Gemma Sharp from the School of Psychology, Flinders University,S.A talked to us about the project she's involved in looking at Labiaplasty. I found this really interesting but results were pretty predictable.

She told us it's the most popular form of genital cosmetic surgery and Australia has seen a 3-fold increase from 2000-2014. It involves the reduction of the labia minora.

She was looking at the factors that motivate women to undergo labiaplasty and the psychological outcomes using two studies.

In study 1 (qualitative study) She interviewed 14 Australian women 5-16 months post surgery and identified five themes:

1 Media influence - comparing themselves with online genital images

2 Negative comments about genital appearance

3 Physical discomfort over aesthetic concerns

4 Satisfaction with surgery

5 Sexual wellbeing

86% of the women expressed concerns with labial appearance, large labia impacting their sex lives and feeling ashamed about how their labia looks.

After labiaplasty 71% of the women stated an improvement in self- consciousness, feeling more comfortable having sex and feeling more free. But 29% still had concerns after labiaplasty. 

She concluded that psychosexual counselling might be an option for these women.

In study 2 (quantitative study) she looked at the effects on intimate relationships and psychological well being, using 29 labiaplasty patients compared to 22 general gyne patients.

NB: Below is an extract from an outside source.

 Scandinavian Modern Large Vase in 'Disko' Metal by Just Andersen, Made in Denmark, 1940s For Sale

She found that overall the labiaplasty patients were satisfied >80% and only 35% reported complications (infections/severe discomfort) but there were no significant changes in relationship quality, sexual confidence, psychological distress, self-esteem or life satisfaction.

She concluded that although labiaplasty improves genital appearance, it has no effect on psychological factors and preoperative relationship status and psychological distress predict dissatisfaction with outcomes.

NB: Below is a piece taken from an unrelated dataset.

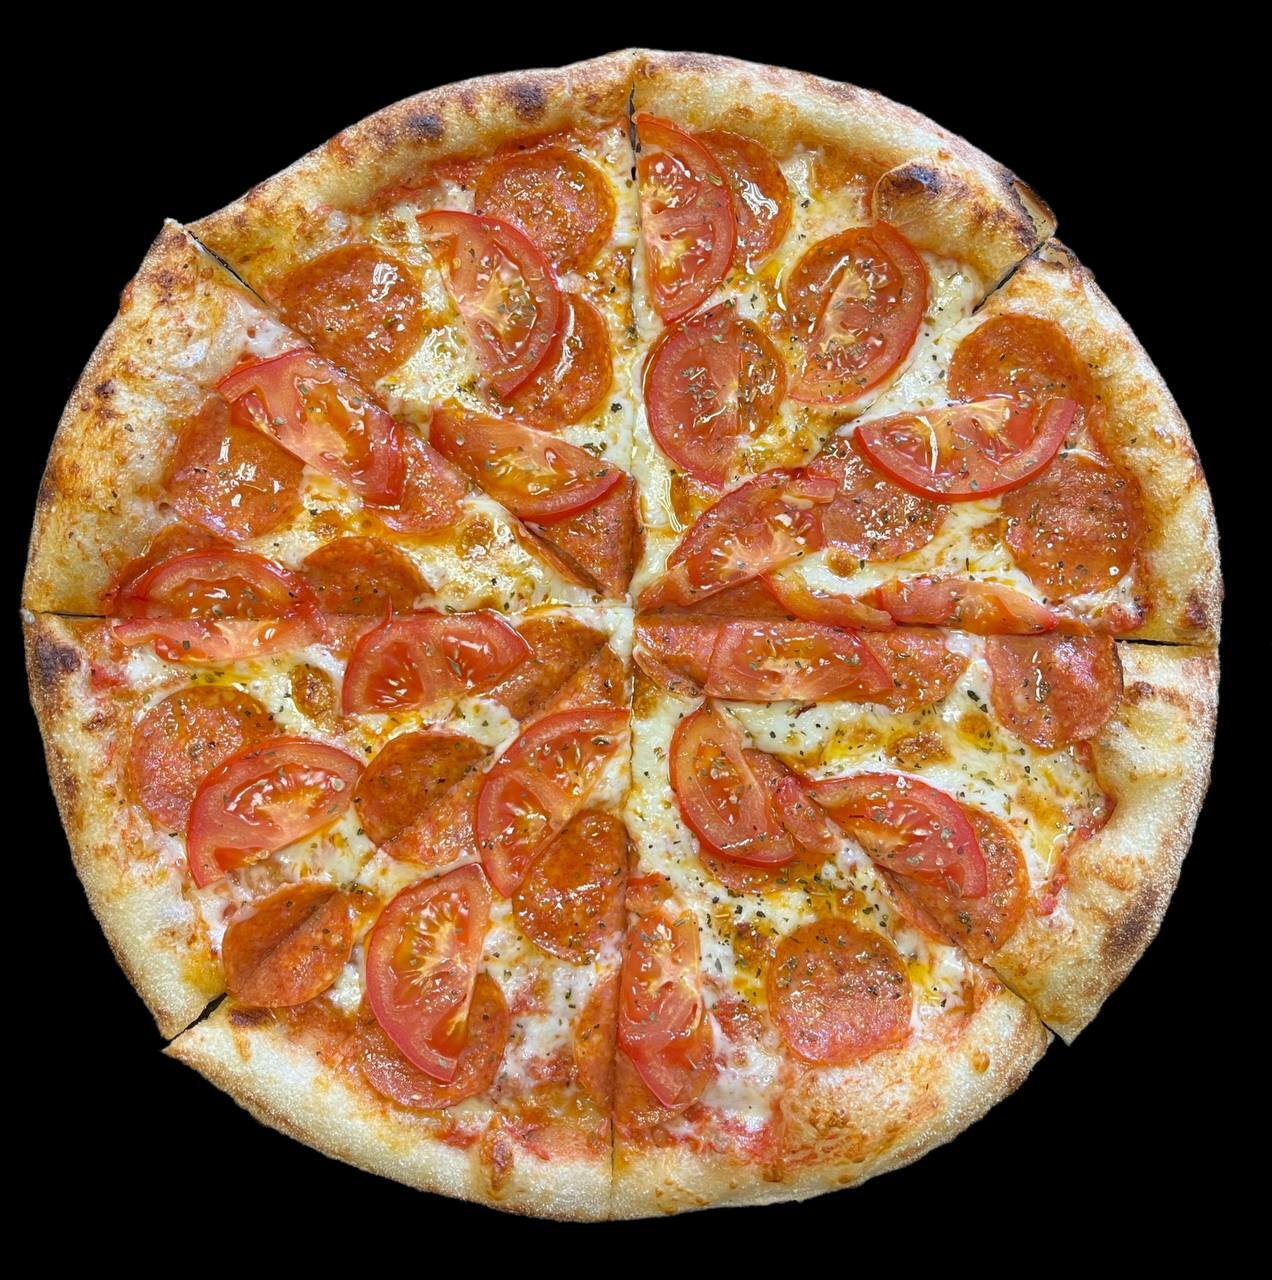 технологическая карта пицца пепперони 30 см фото 57

Again she thought it was important to think about psychological treatment.


Amber D'Souza, Associate Professor, Johns Hopkins Bloomberg School of Public Health, USA gave a fantastic talk in the opening plenary today in Adelaide.

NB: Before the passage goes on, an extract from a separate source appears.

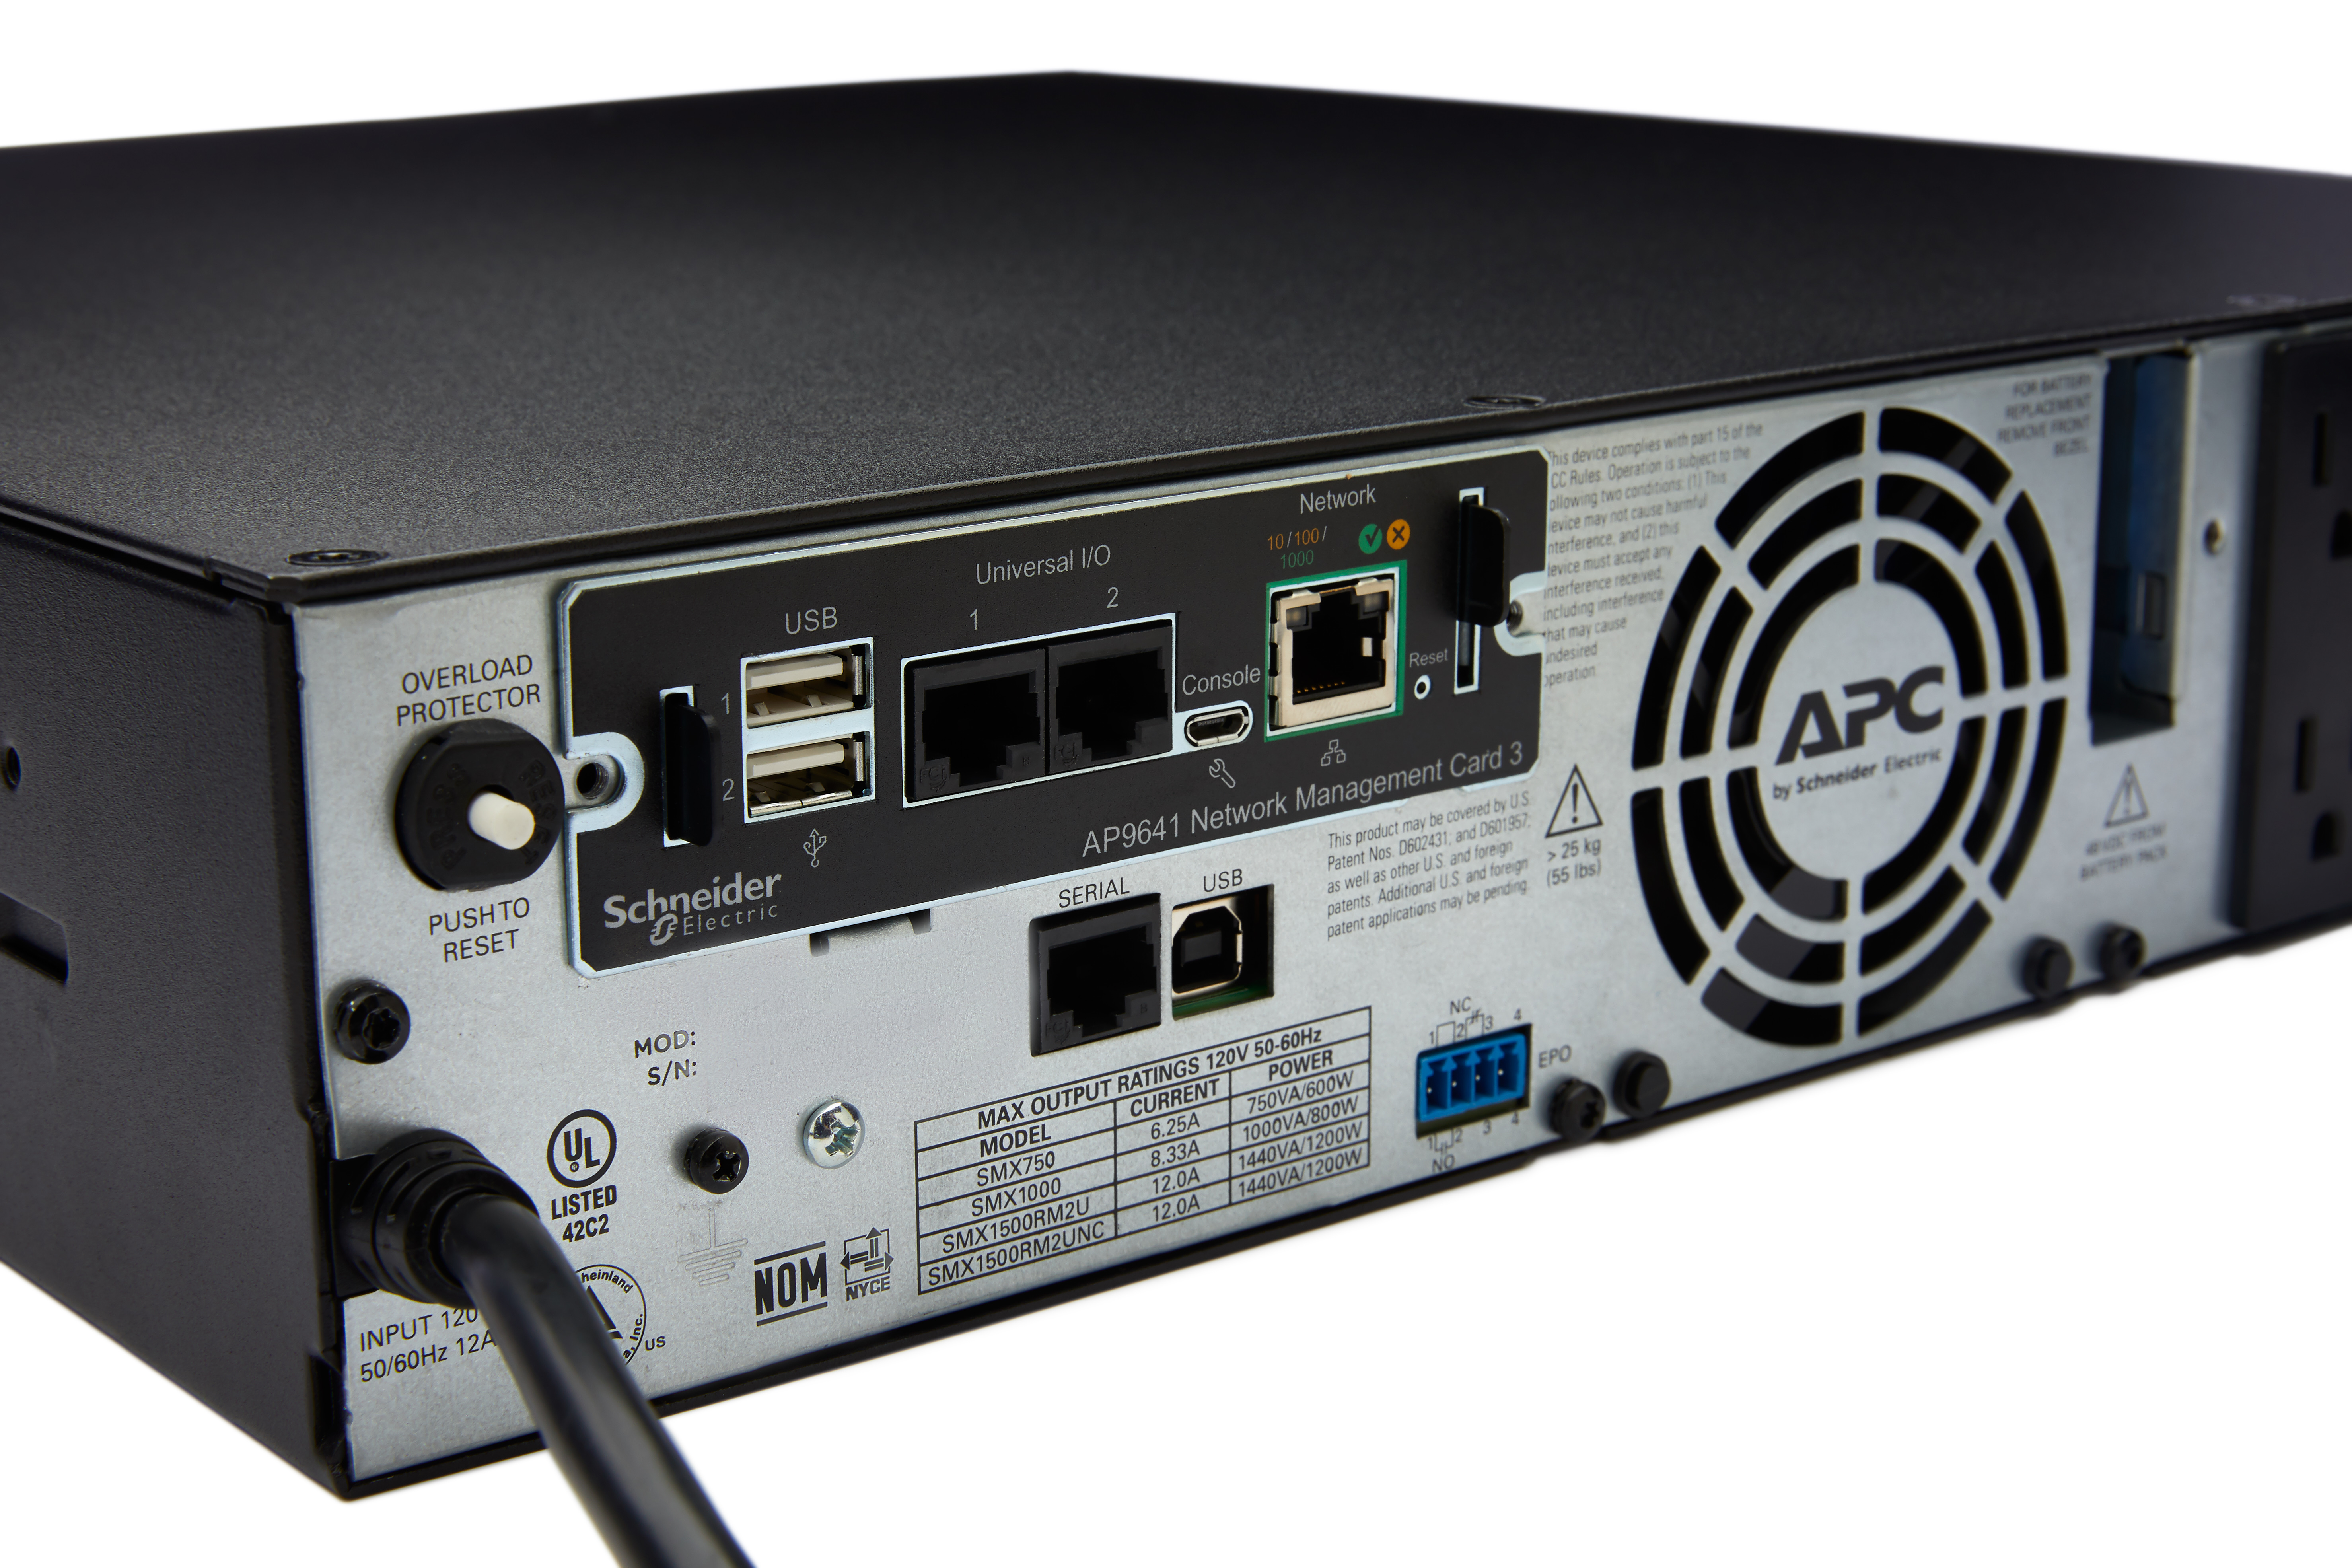 APC Network Management Card 3 with PowerChute Network Shutdown & Environmental Monitoring

She talked about HPV causing >5% of cancers worldwide, >600,000 globally mainly cervical cancer.

12/100,000 - Cervical

8/100,000 - Oral

2/100,000 - Anal

She told us that the uptake of the HPV vaccine in Australia is 71.2%, UK is 60.4% but only 33.4% in US were there is no school based program and in 2014 the vaccine was available in over 75 countries but many low income countries are still missing the vaccine program.

Interestingly in the US they've seen a growing number of HPV positive oropharyngeal cancers especially in men. 2.4% per year in men 45 years and older but only 1% per year in women 45-64 years but all other head and neck squamous cell carcinomas have reduced ?due to reduction in smoking.

She said the lifetime risk of oral HPV infections in men was 3-30% but only 1-8% in women and one of the reasons why could be that cervical fluid has a higher viral load than the throat?

Risk factors were recent oral sex in last 3 months and the risk increased if the man had performed oral sex on a woman rather than a man. But interestingly, HPV is low in lesbian women which suggests that women get an auto immune response to previous HPV infections.

Gender - there is a 5 fold infection rate in men compared to women.

Race - HPV is higher  in white men compared to black or Mexican American men, does this mean that white men have more oral sex?

So with the same number of lifetime partners, men have a higher risk of orophryngeal HPV and a lower rate of clearing the virus.

Then she told us about Anal cancer that effects 2/100,000

Risk factors include receptive anal sex and in MSM 10-20/100,000 are +ve for anal HPV, that number is higher in HIV+ve MSM and these figures are increasing by 4-5% per year in US and Australia

Clearance usually takes 1-2 years 

She then went on to talk about the effects of HIV on HPV were the acquisition of HPV is higher in anyone with immuno suppression and clearance is less likely. The rate of HPV in people with HIV is 60%

In 2001-2005 29% of men with anal cancer also had HIV, making anal cancer the 4th most common type of cancer in HIV +ve men 

She summarized by saying that the changing landscape of HPV and related diseases needs to focus on prevention and screening for HPV DNA.